Djerba is an island of southeastern Tunisia in the Gulf of Gabès, connected to the mainland by a Roman causeway and by ferry. It is the largest island of north Africa, with a flat, sand-covered limestone platform that rises only a few metres above sea level and supports olive groves, palm groves, and Mediterranean cereal cultivation.
The island carries one of the longest continuously documented populations in the Mediterranean. Greek and Latin sources identified it as the Lotophagis of the Odyssey; the Roman city of Meninx was the regional capital. Djerba became a centre of Ibadi Islam from the eighth century, with a distinct theology, customary law, and architectural tradition closely related to the Mozabite sphere of the Algerian Sahara.
A small but persistent Berber-speaking population in the south of the island — concentrated around Guellala, Sedouikech, and Ajim — has preserved the eastern Tamazight variety conventionally called Djerbi.
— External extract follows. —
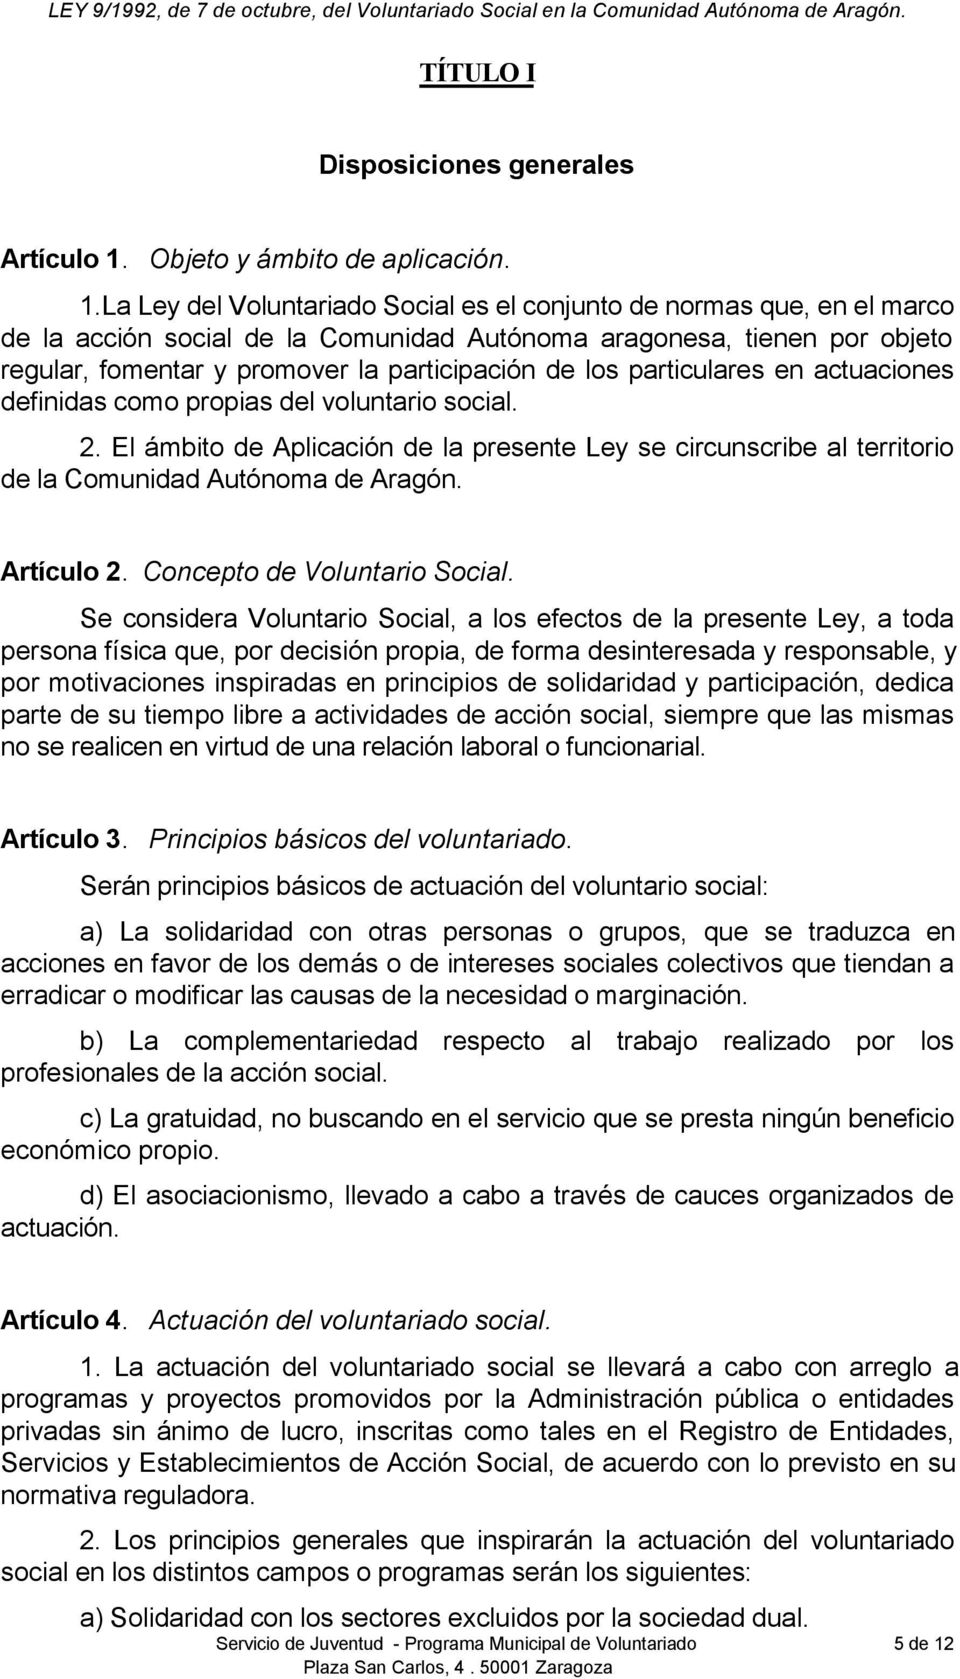 La Ley del Voluntariado Social es el conjunto de normas que, en el marco de la acción social de la Comunidad Autónoma aragonesa, tienen por objeto regular, fomentar y promover la participación de los

Speaker numbers are estimated in the low tens of thousands and declining; daily speech among younger generations is overwhelmingly Tunisian Arabic.
Djerba's distinctive architecture of whitewashed cubic houses, fortified mosques (jamaa), and underground oil presses (maâsra) is the subject of a UNESCO World Heritage inscription completed in 2023 as "Djerba: testimony to a settlement pattern in an island territory." The island also retains one of the oldest Jewish communities in north Africa, with the El Ghriba synagogue at Hara Seghira a continuing pilgrimage destination.